So to summarize a few important facts about sampling distributions:

If your data is the result of a random process, then any statistical summary you compute from that data will have a sampling distribution.
The sampling distribution represents the results of a thought experiment: specifically, how much your answer might change from one sample to the next under the same random process that generated your data. It therefore measures the repeatability of your results.
The typical way to summarize a sampling distribution is to quote its standard deviation, which we call the “standard error.” This number measures the typical size of the error your statistical summary makes, compared to its expected value.

Example 2: fishing

In the prior example, our statistical summary was the proportion of those surveyed, out of 100, that preferred huckleberry pie. Let’s now see an example where the statistical summary is a bit more complicated: the estimated slope in a regression model.

Imagine that you go on a four-day fishing trip to a lovely small lake out the woods. The lake is home to a population of 800 fish of varying size and weight, depicted below in Figure 8.2. On each day, you take a random sample from this population—that is, you catch (and subsequently release) 15 fish, recording the weight of each one, along with its length, height, and width (which multiply together to give a rough estimate of volume). You then use the day’s catch to compute a different estimate of the volume–weight relationship for the entire population of fish in the lake. These four different days—and the four different estimated regression lines—show up in different colors in Figure .

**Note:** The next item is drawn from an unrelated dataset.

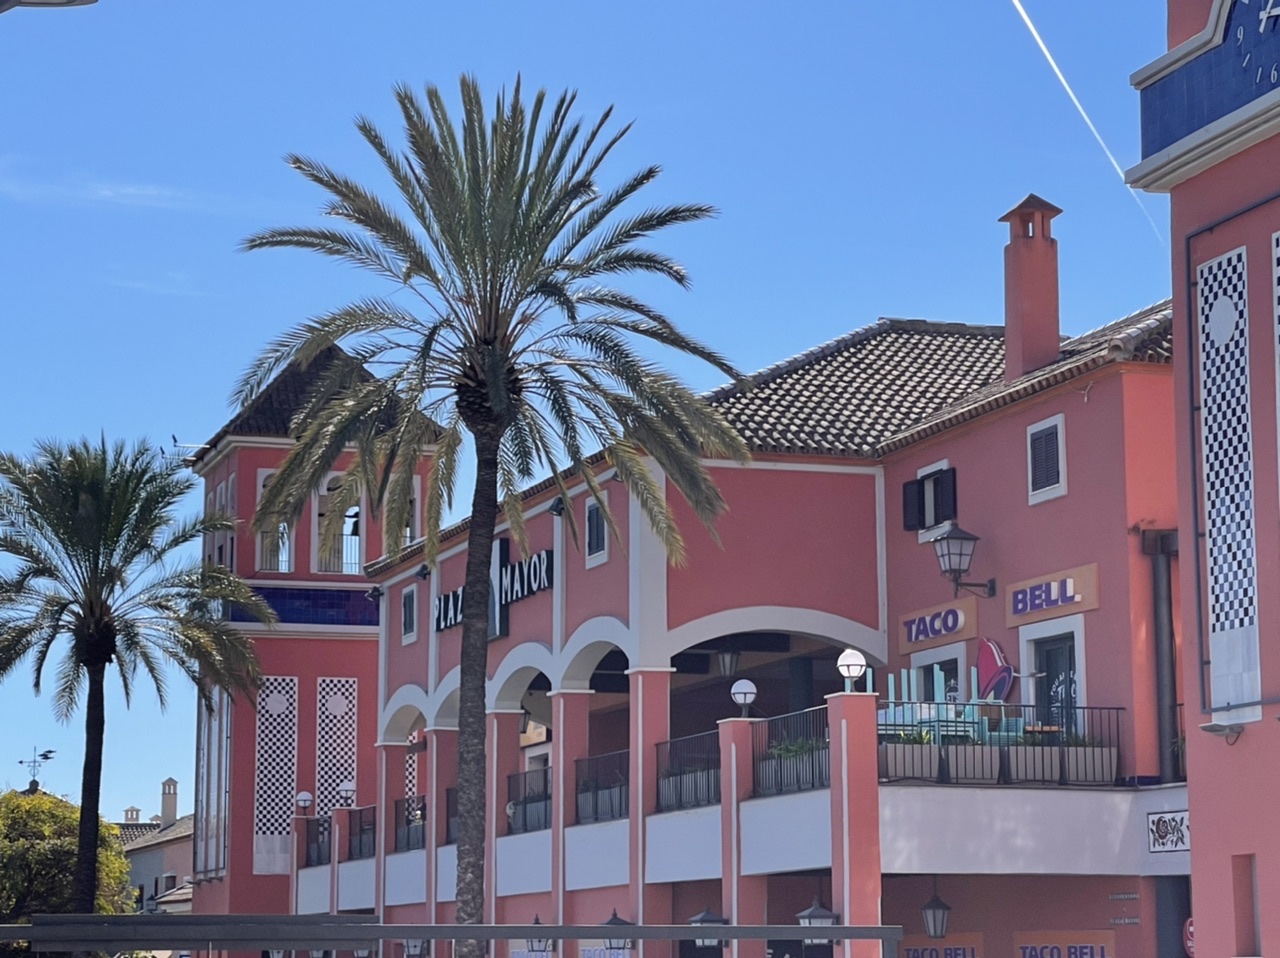 Where to go shopping in Marbella? - Centro Plaza

Figure 8.2: An imaginary lake with 800 fish, together with the results of four different days of fishing.

In this case, the two things we’re trying to estimate are the slope ( $\beta_1$ ) and intercept ( $\beta_0$ ) of the dotted line in the figure. I can tell you exactly what these numbers are, because I used R to simulate the lake and all the fish in it:

$E(y \mid x) = 49 + 4.24 \cdot x$

This line represents the population regression line: the conditional expected value of weight ( $y$ ), given measured volume ( $x$ ), for all 800 fish in the lake. Each individual sample of size 15 provides a noisy, error-prone estimate of this population regression line. To distinguish these estimates from the true values of their corresponding estimands, let’s call these estimates $\hat{\beta}_0$ and $\hat{\beta}_1$ , where the little hats mean “estimates.” (Once, on a midterm exam, a student informed me that “ $\hat{\beta}$ wears a hat because he is an impostor of the true value.” So if that helps you remember what the hat means, don’t let me stop you.)

Four days of fishing give us some idea of how the estimates $\hat{\beta}_0$ and $\hat{\beta}_1$ vary from sample to sample. But 2500 days of fishing give us a better idea. Figure 8.3 shows just this: 2500 different samples of size 15 from the population, together with 2500 different regression estimates of the weight–volume relationship. This is another example of a Monte Carlo simulation, where we run a computer program to repeatedly simulate the random process that gave rise to our data (in this case, sampling from a population).

The same imaginary lake with 800 fish, together with the results of 2500 different days of fishing. Each translucent grey line represents a single regression estimate from a single sample.

Figure 8.3: The same imaginary lake with 800 fish, together with the results of 2500 different days of fishing. Each translucent grey line represents a single regression estimate from a single sample.

These pictures show the sampling distribution of the least-squares line—that is, how the estimates for $\beta_0$ and $\beta_1$ vary from sample to sample, shown in histograms in the right margin. In theory, to know the sampling distributions exactly, we’d need to take an infinite number of samples, but 2500 gives us a pretty good idea. The individual sampling distributions of the intercept and slope are shown in histograms, below.

Figure 8.4: The sampling distributions of the intercept (left) and slope (right) from our 2500 simulated fishing trips.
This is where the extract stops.